Inclusion Is Easier Than It Looks—Just Ask Revlon

In 1992, our own Veronica Webb made history by becoming the first black model to land a major cosmetics contract. The brand? Revlon, which at the time was also launching ColorStyle (ColorStay’s predecessor), a line formulated for the then-neglected black consumer (I was one such consumer).

Of course, these days, there’d likely be an outcry against a “separate but equal” makeup line (no shade to CoverGirl’s Queen Collection, which is a celebrity collaboration). But at the time, Revlon’s bold moves were considered revolutionary for a mainstream cosmetics brand.

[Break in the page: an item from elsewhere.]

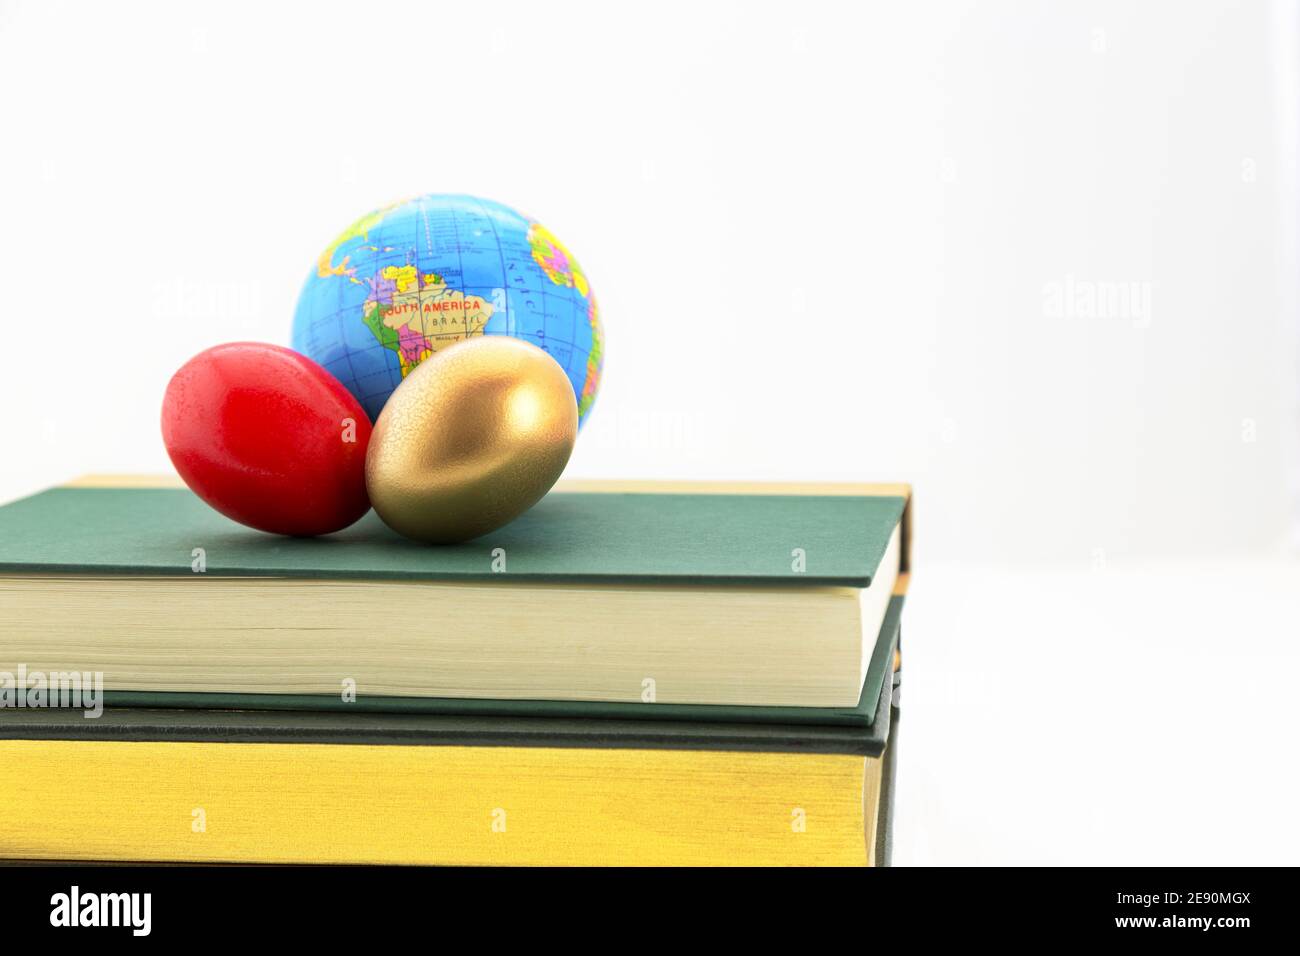 El huevo de oro, el huevo rojo y el globo en los libros son conceptos de los riesgos y beneficios empresariales de la industria mundial, retos y estrategias de éxito. Foto de stock

It is said that when we know better, we do better. While the diversity momentum of the early ’90s waned a bit at the turn of this century, inclusion is now a bigger topic than ever before—especially in the beauty space.


Re-enter Revlon: By now, you’ve likely seen its #LiveBoldly campaign, which notably features a majority of models of color—including Imaan Hammam, Achok Majak and Adwoa Aboah—in addition to curvy supermodel Ashley Graham. Hot on the heels of the launch of its latest music video commercial, the brand has taken its message of inclusive beauty overseas.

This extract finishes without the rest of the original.